Input data:
* * * * * * *

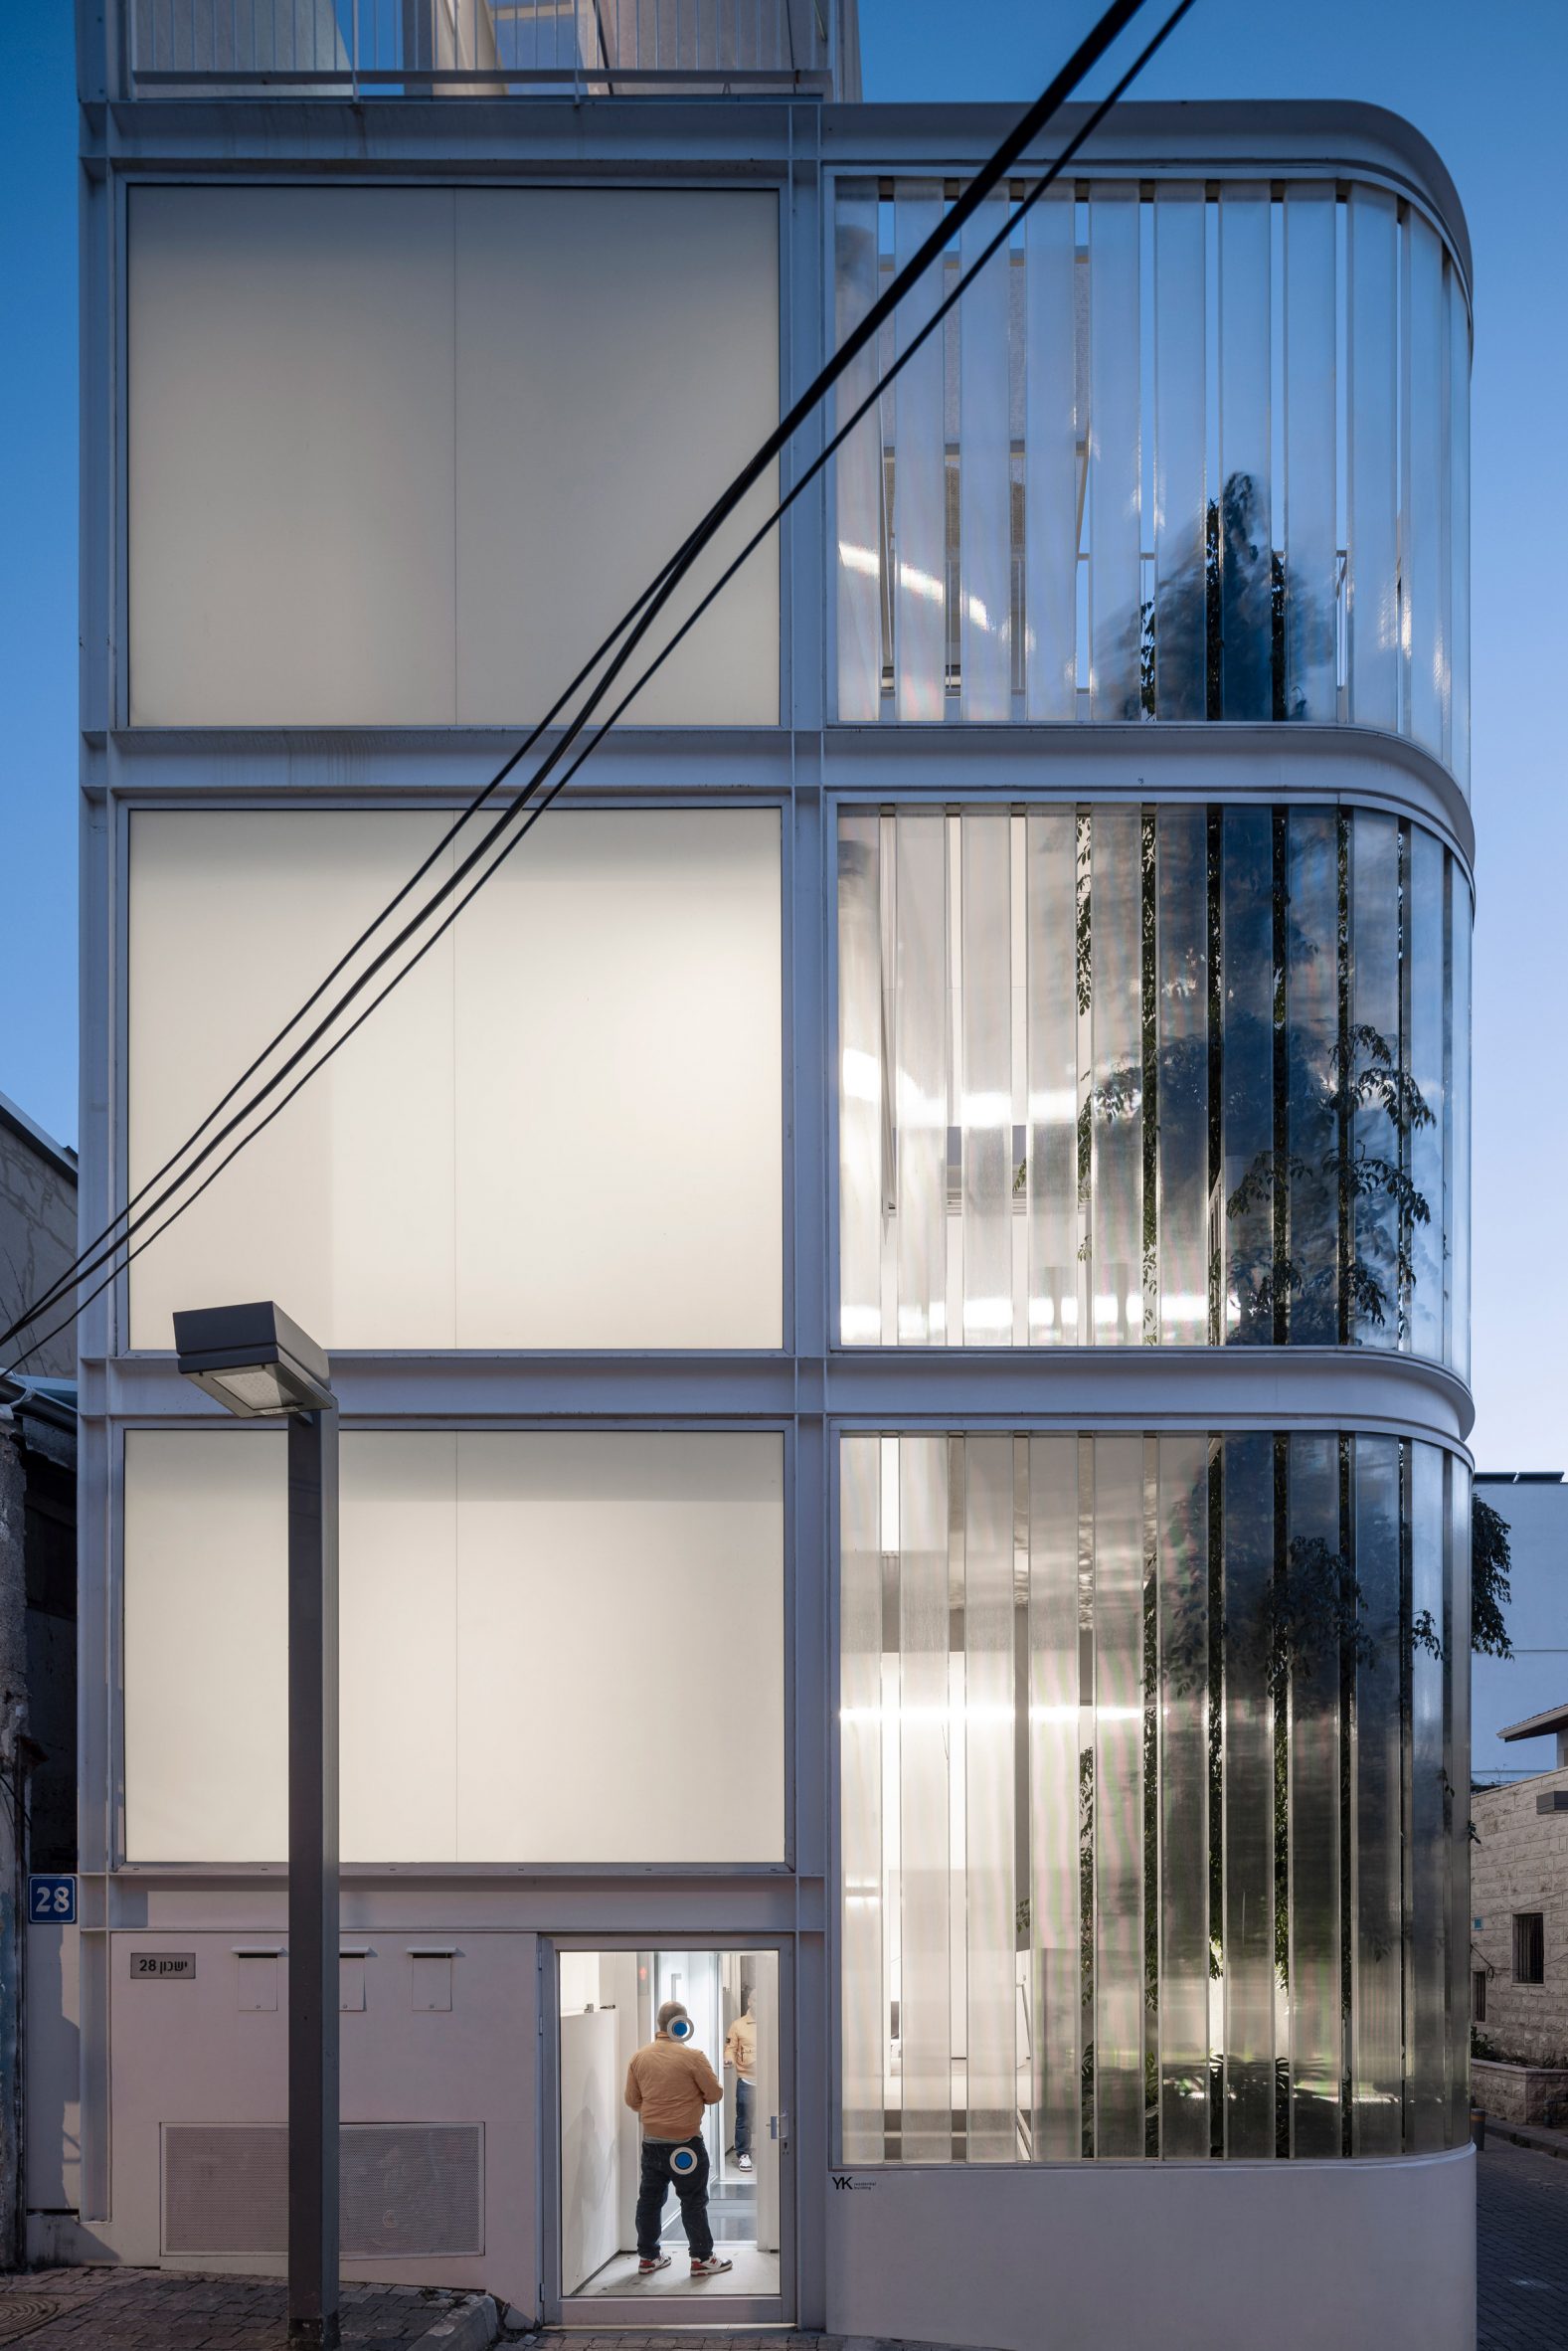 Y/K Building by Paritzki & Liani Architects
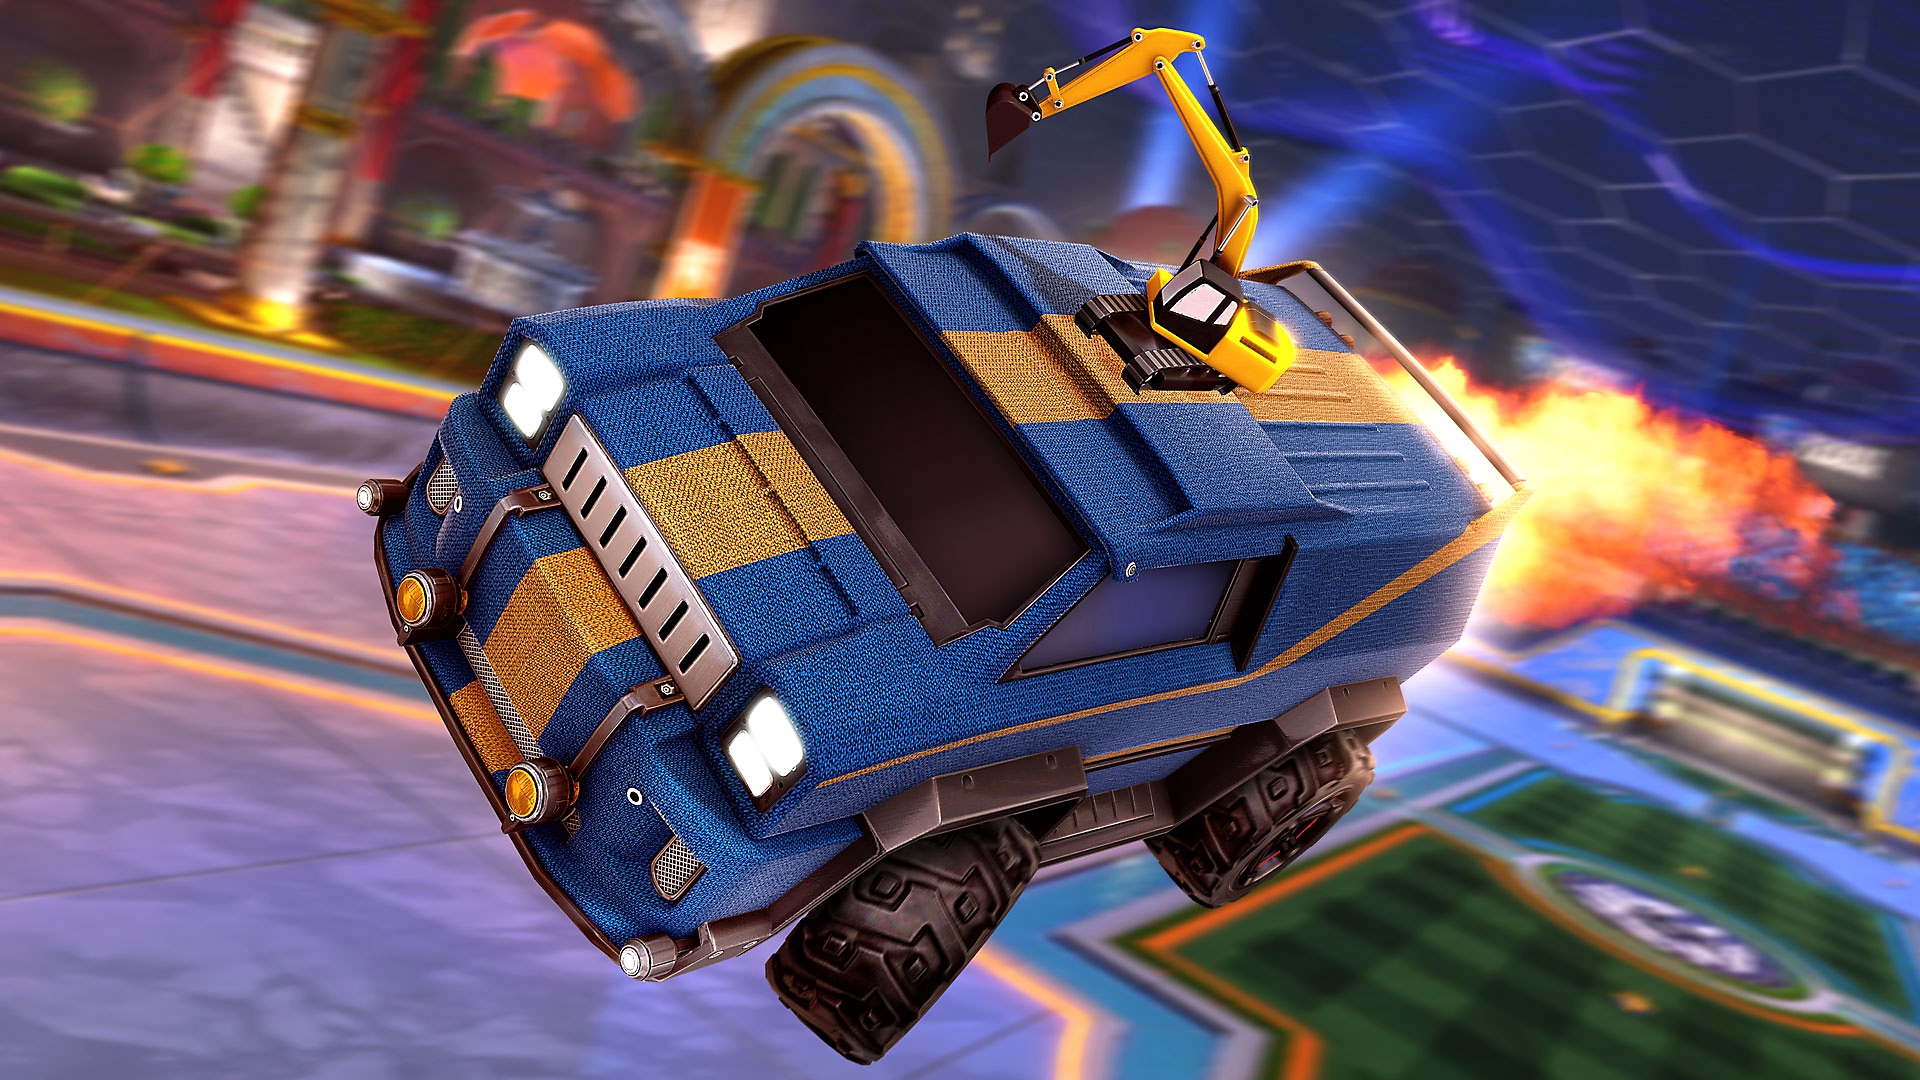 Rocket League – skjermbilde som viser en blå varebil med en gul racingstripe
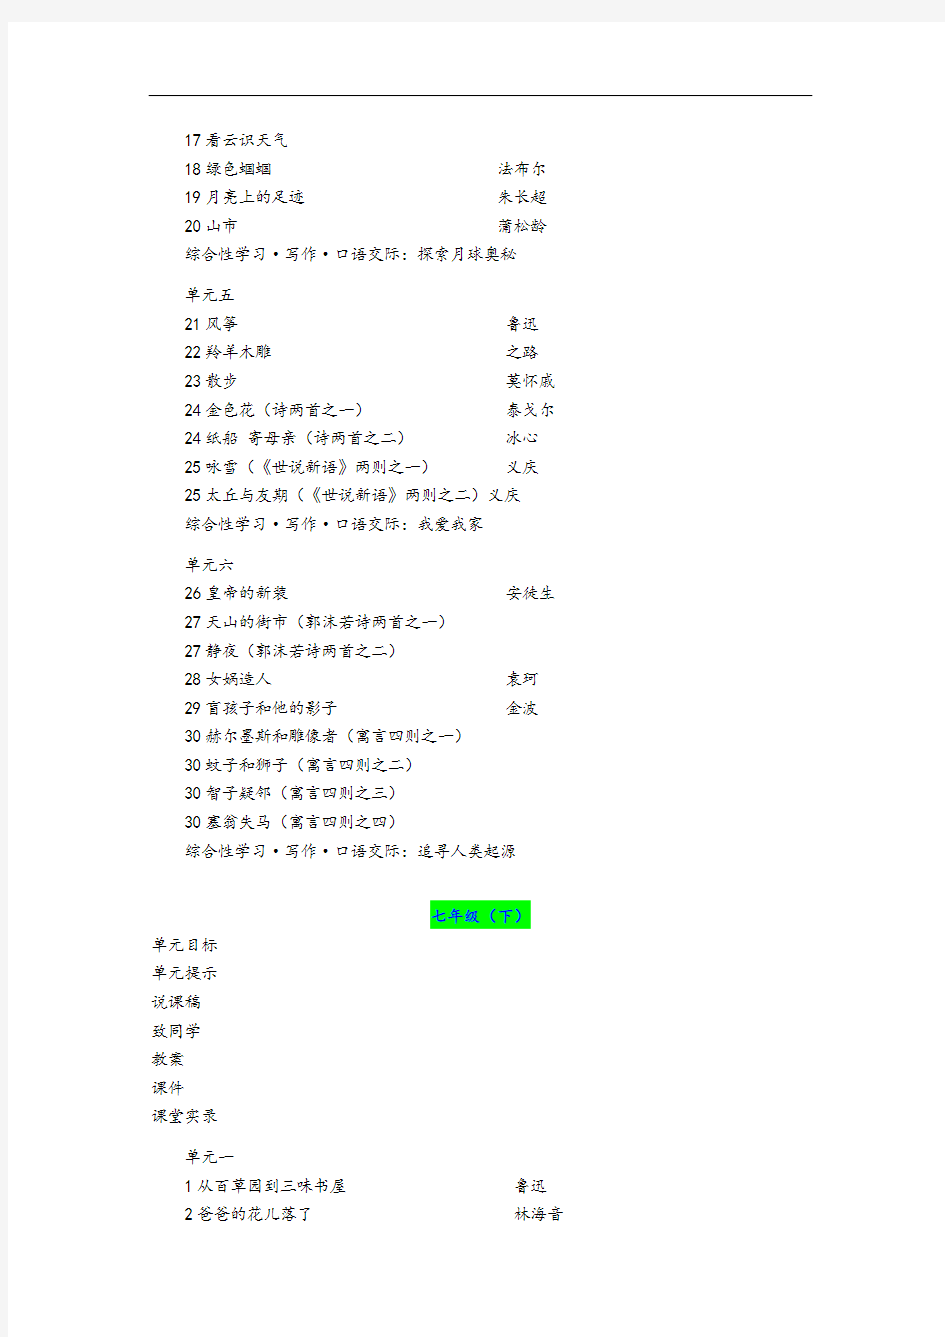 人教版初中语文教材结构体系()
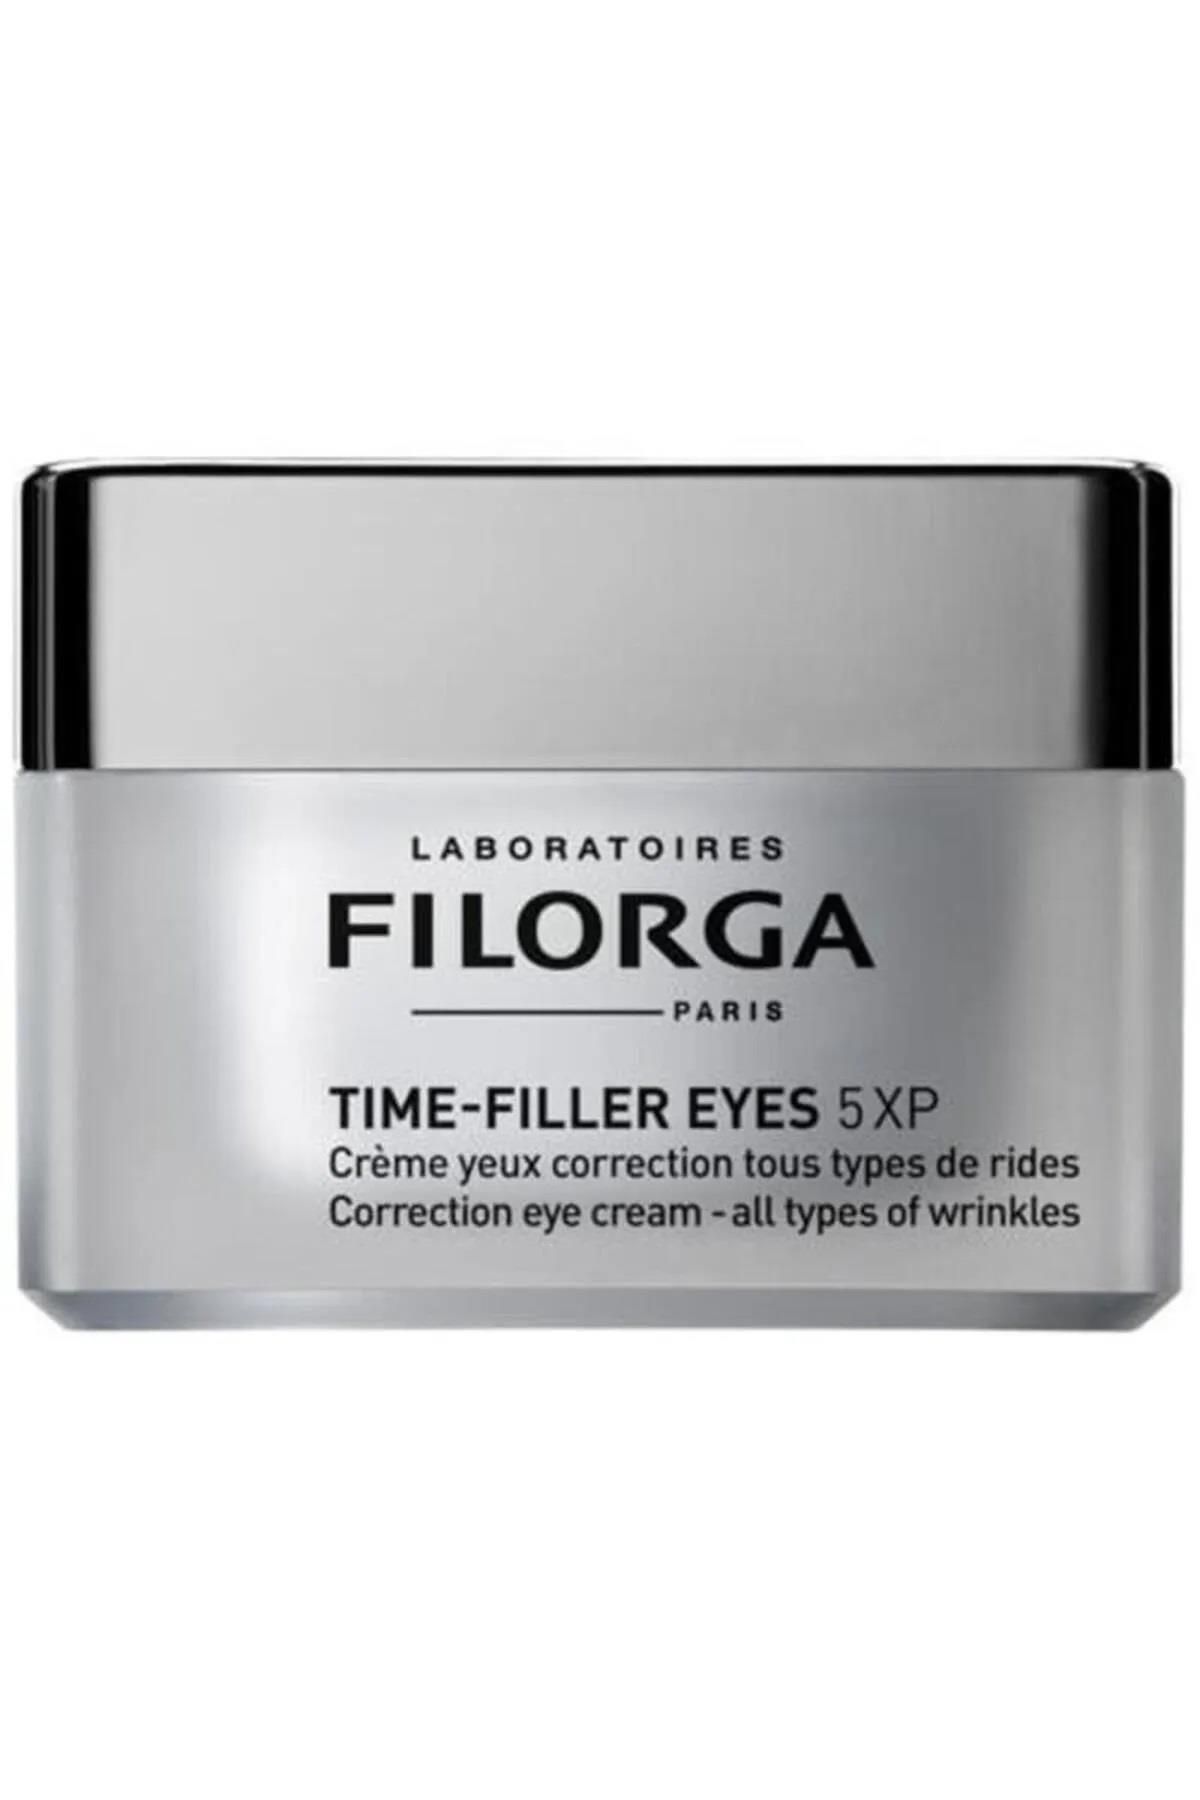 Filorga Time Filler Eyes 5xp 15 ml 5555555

* * * * * * *

Your assignment: Transcribe exactly, and only, the lines from the one with "Rocket League –" through the final line of the data above. The pictures stay out.

Written reply:
 Rocket League – skjermbilde som viser en blå varebil med en gul racingstripe
 人教版初中语文教材结构体系()
 Filorga Time Filler Eyes 5xp 15 ml 5555555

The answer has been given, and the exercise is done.